Approximately 30 percent of CO2 emitted to the atmosphere by human activities, mainly the use of fossil fuels and deforestation, is taken up by terrestrial ecosystems such as forests and grasslands. The recent reports from the IPCC concluded that new land-use options to enhance this terrestrial carbon sink are needed to meet the goals of the Paris Agreement on Climate. "Yet, it is important to understand the best science-based estimate of where atmospheric CO2 is fixed in terrestrial ecosystems today, and our study makes a significant step in that direction," says Masayuki Kondo, an Assistant Professor at the Center for Environmental Remote Sensing, Chiba University.
The net CO2 balance between the atmosphere and land is referred to as the "net CO2 flux," which is the sum of CO2 absorption by photosynthesis (-) and CO2 emissions (+) due to respiration, decomposition of soil organic matter, forest fires, and land-use changes such as deforestation and forest conversion to farmland. A series of the IPCC assessment reports in the past have demonstrated that calculating the total CO2 balance over different regions of the globe is a challenging task.
"There is an urgent need of how much carbon mitigation is required to achieve the temperature targets of the Paris agreement, but we still had a wide spread of estimates on how much CO2 the world terrestrial ecosystems are removing," says Kondo.

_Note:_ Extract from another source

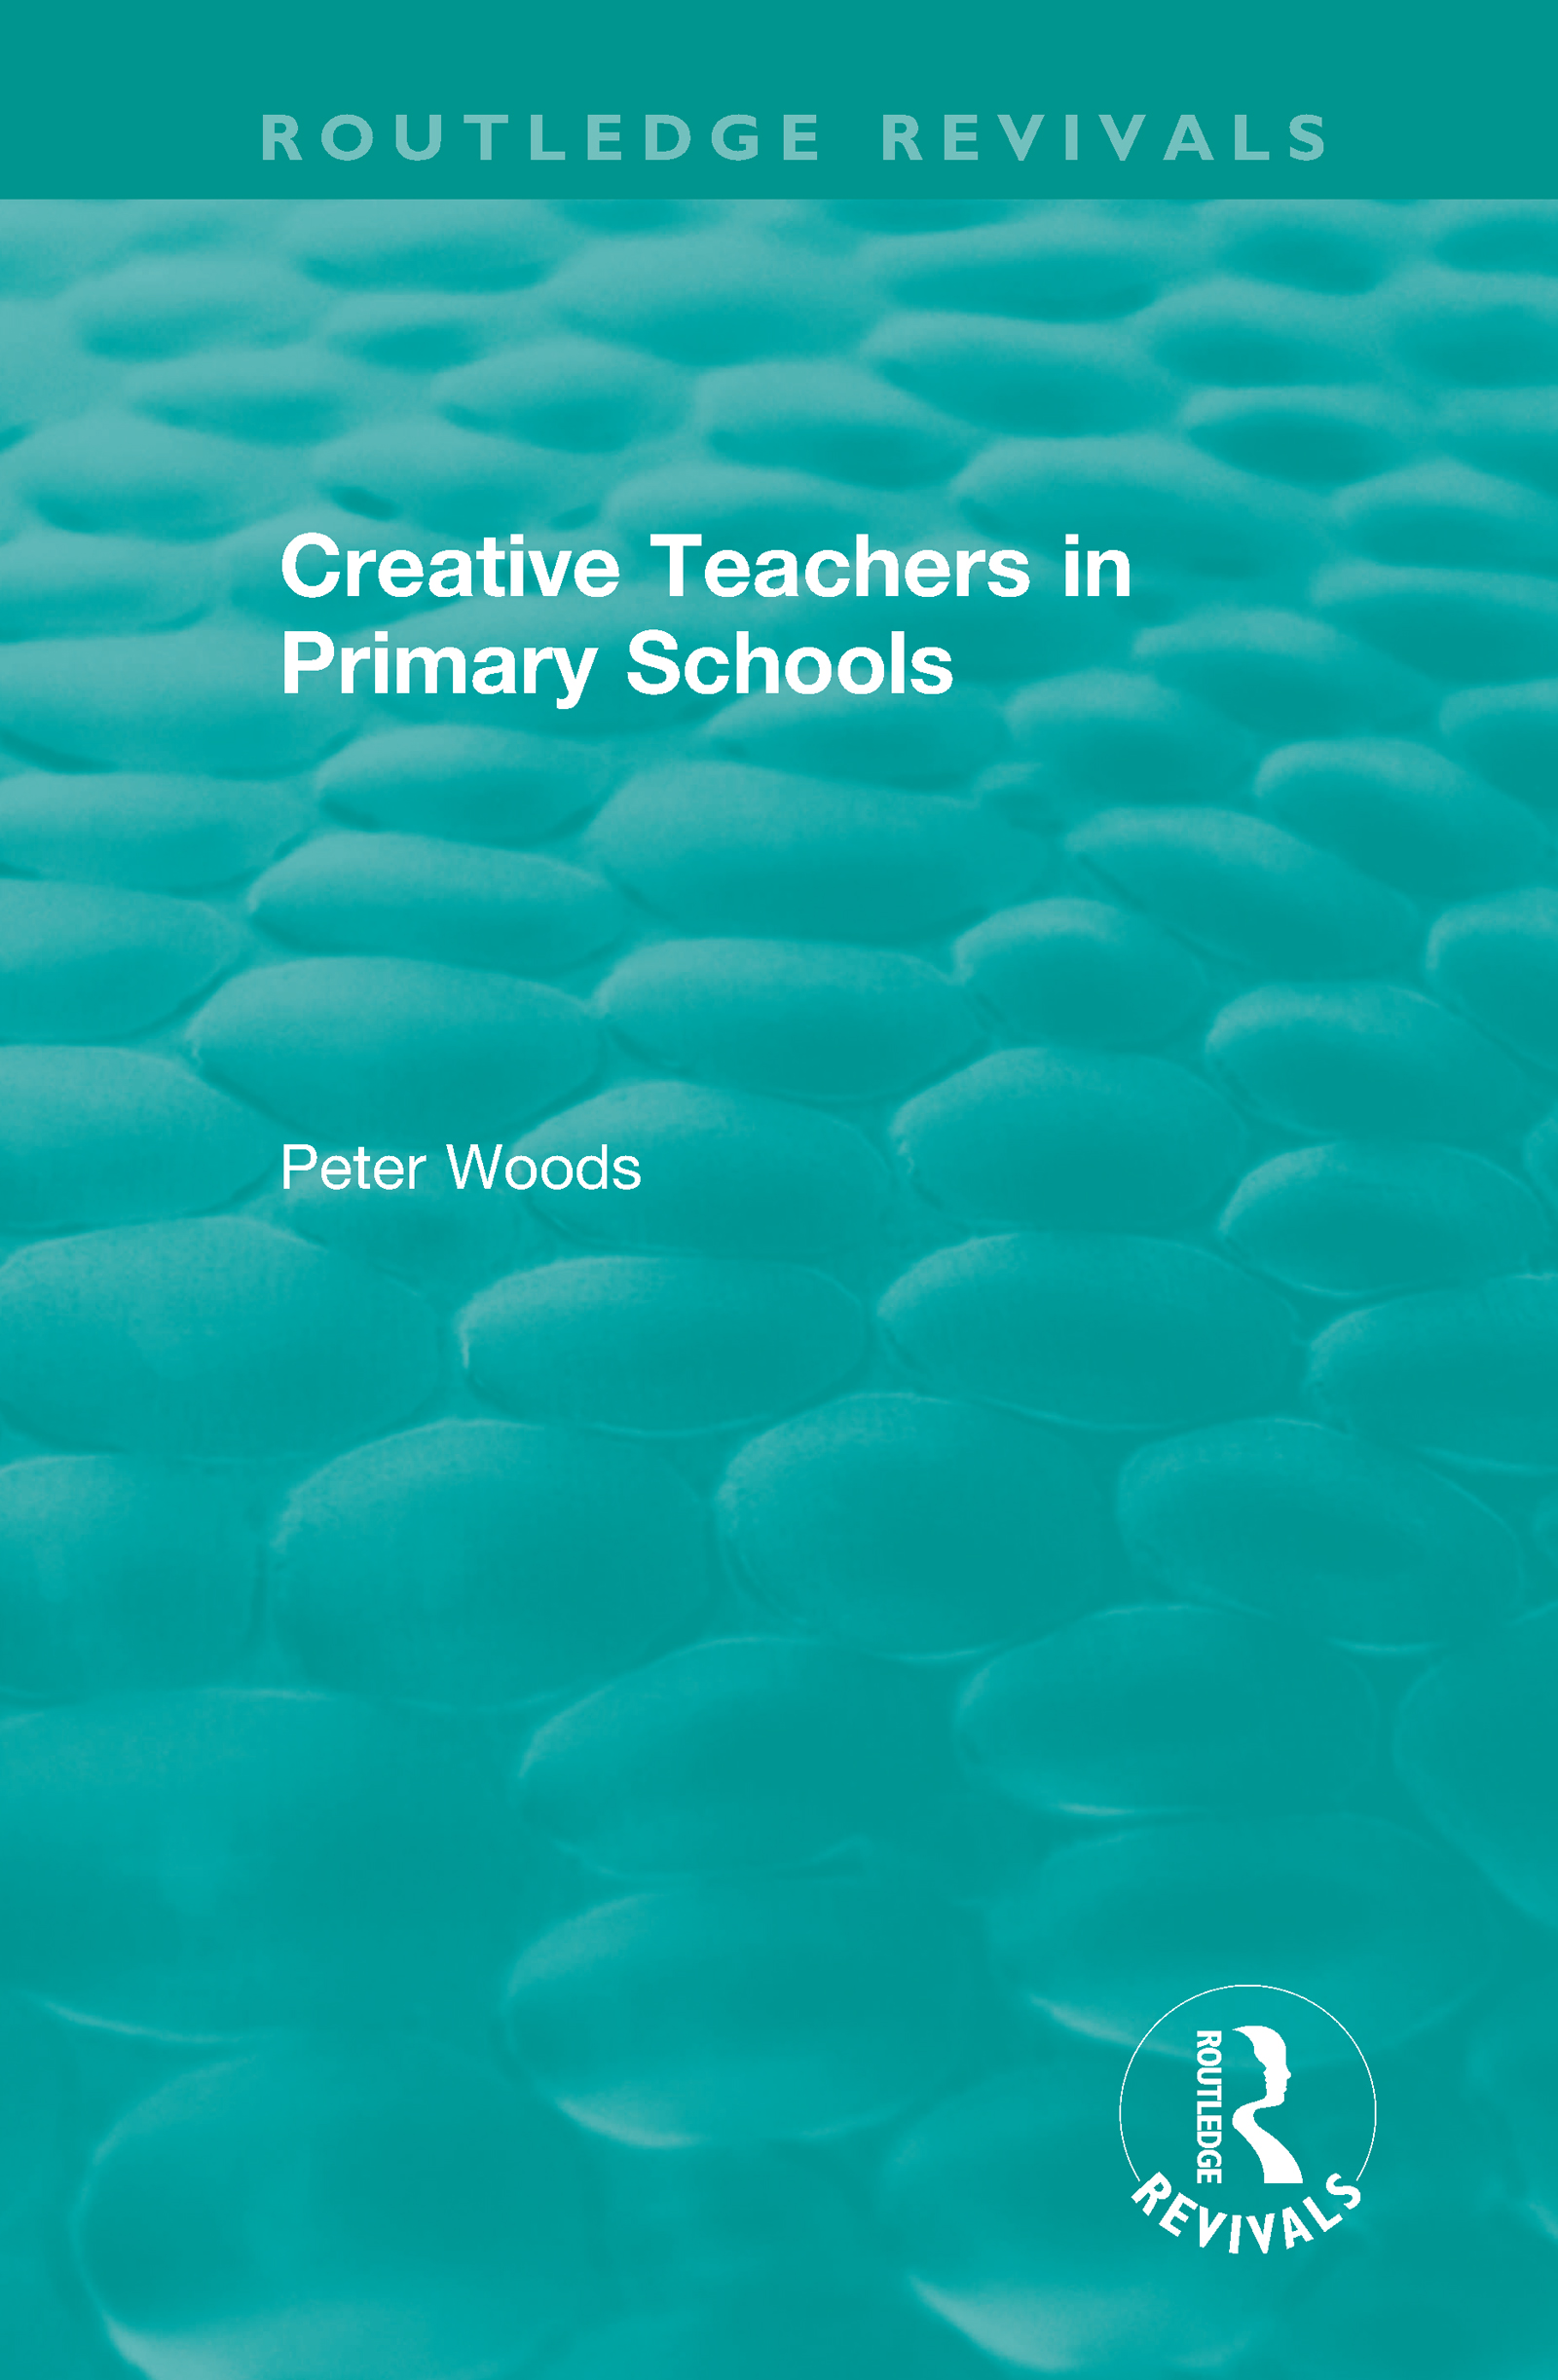 Creative Teachers in Primary Schools
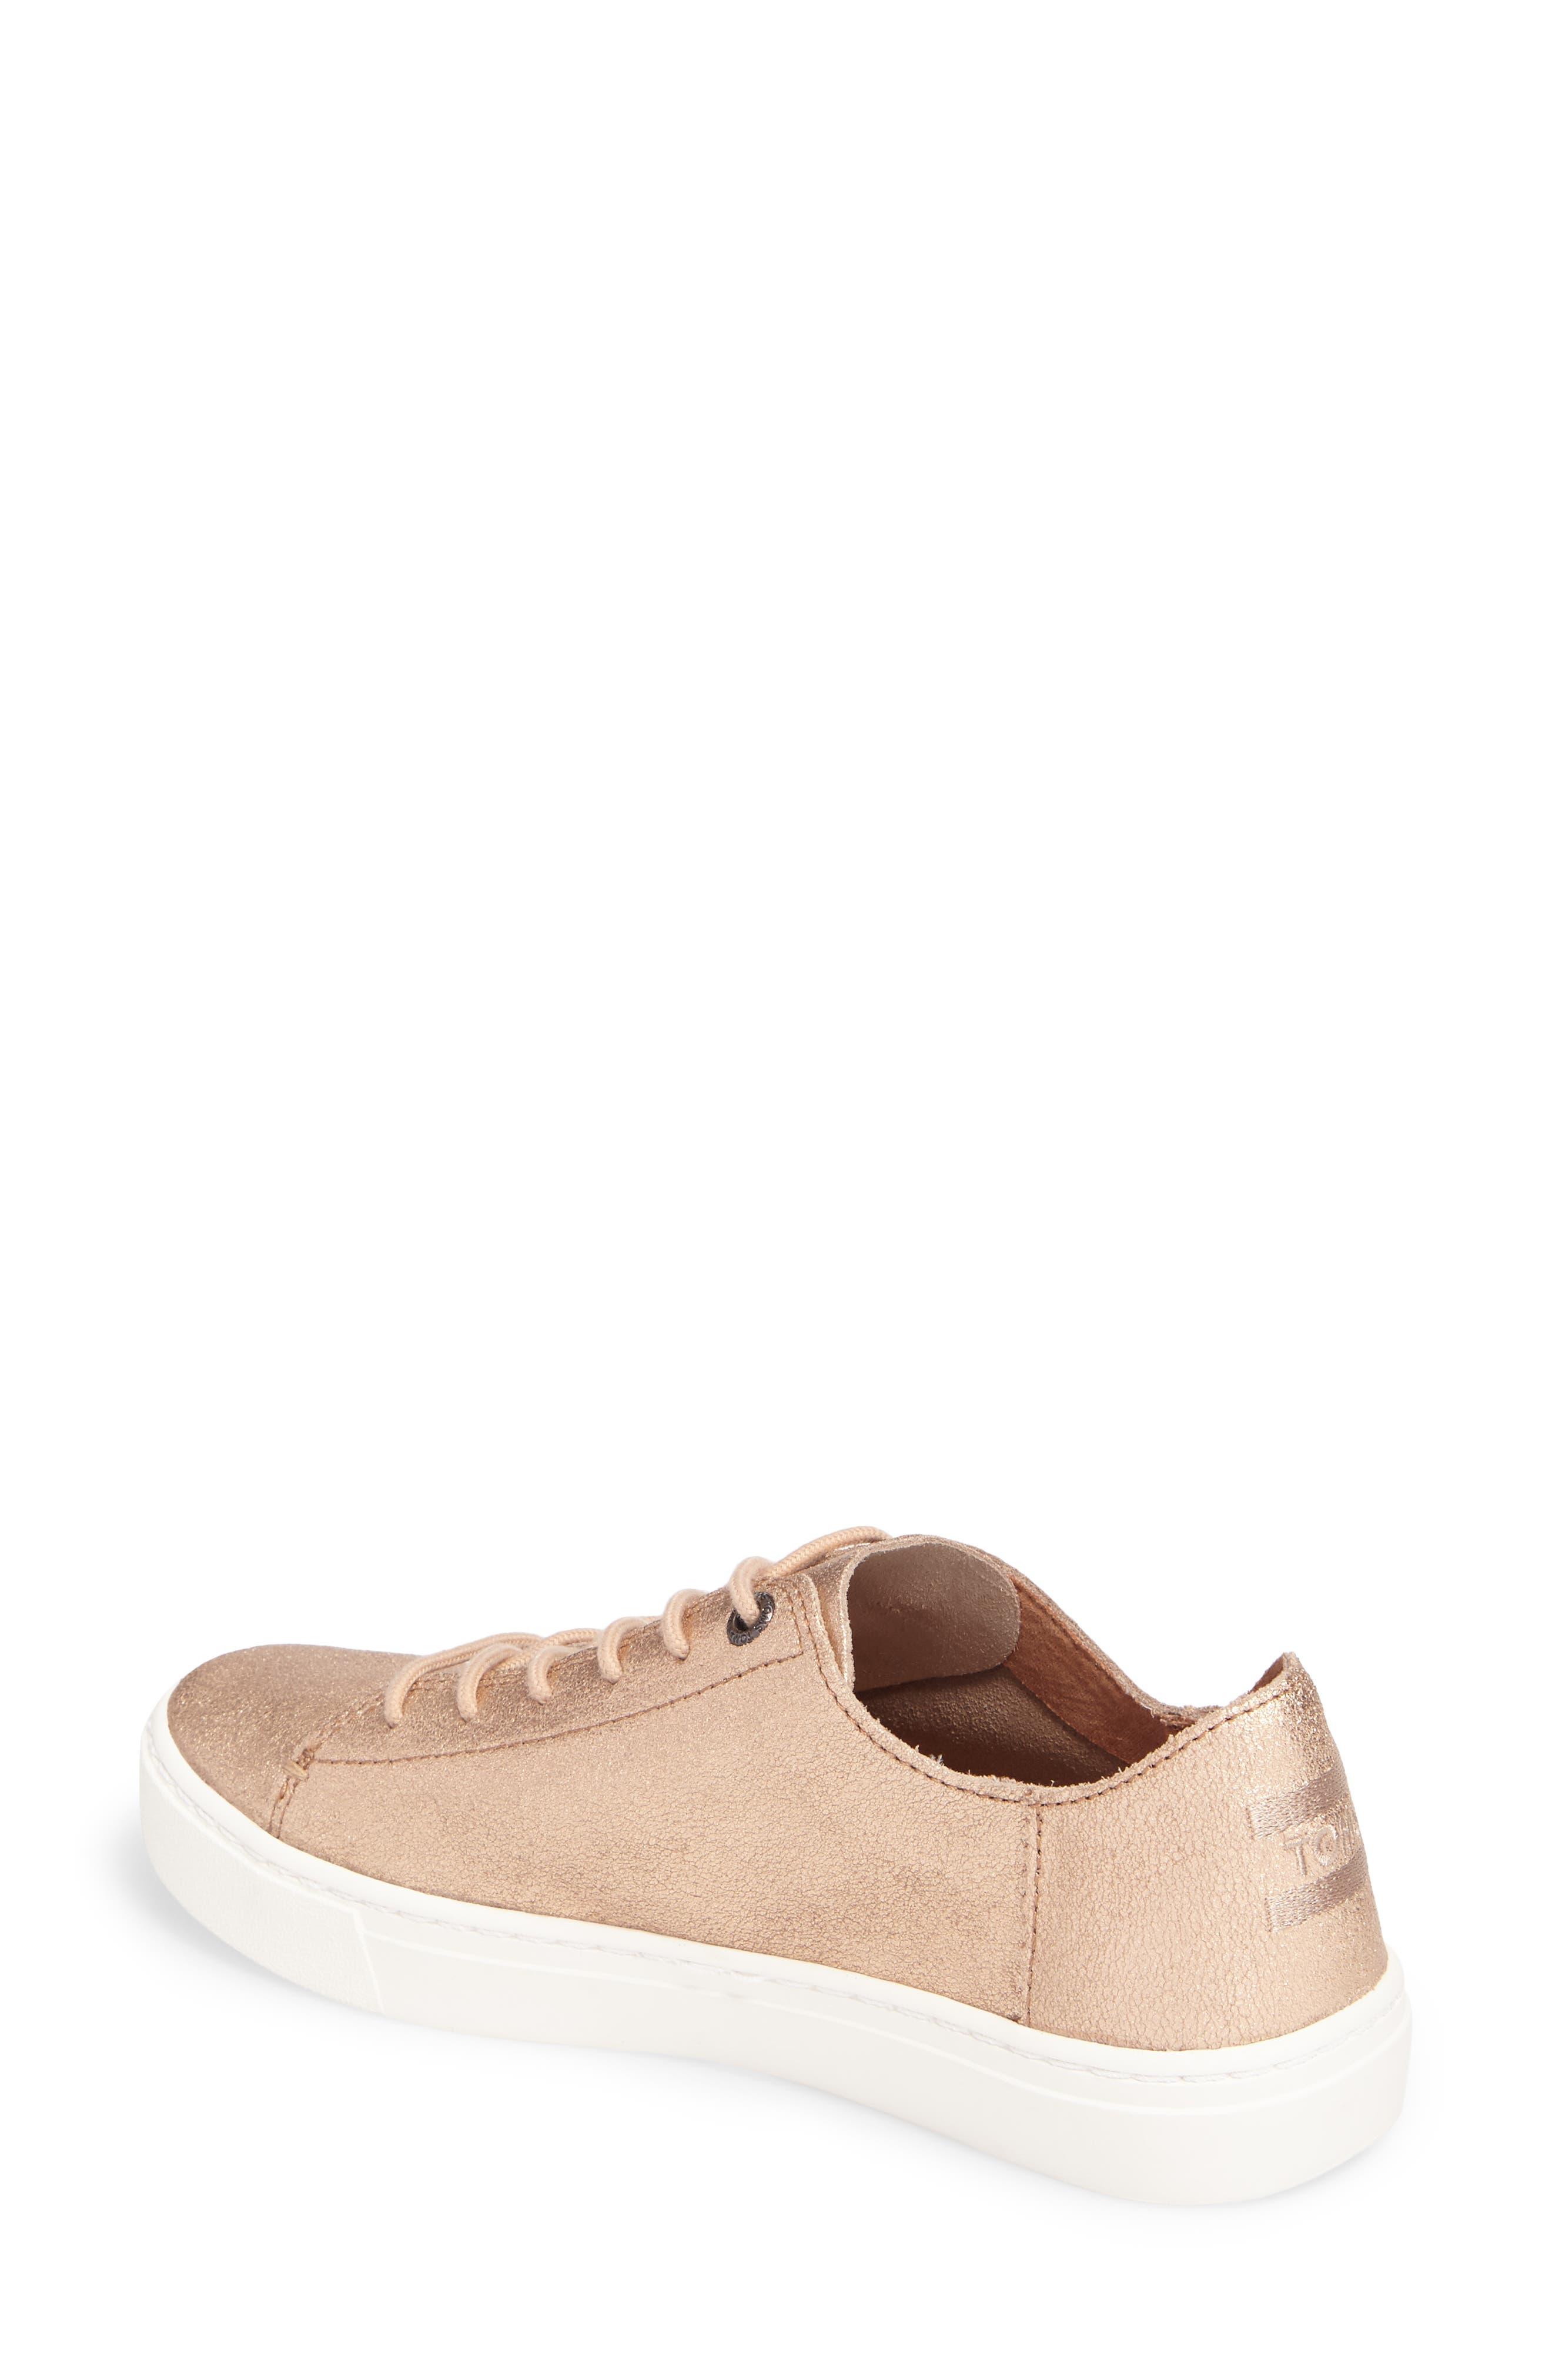 Lenox Sneaker,                             Alternate thumbnail 29, color,

He and his colleagues have been trying to comprehensively understand net CO2 flux from the latest results of 'terrestrial biosphere models' that simulate terrestrial CO2 fluxes of various processes on theoretical and semi-empirical basis and 'atmospheric inversions' that read atmospheric CO2 concentration measured by a global network of monitoring stations and use global 3D atmospheric transport models to provide a dynamic picture of the CO2 fluxes exchanged between different biomes and the atmosphere.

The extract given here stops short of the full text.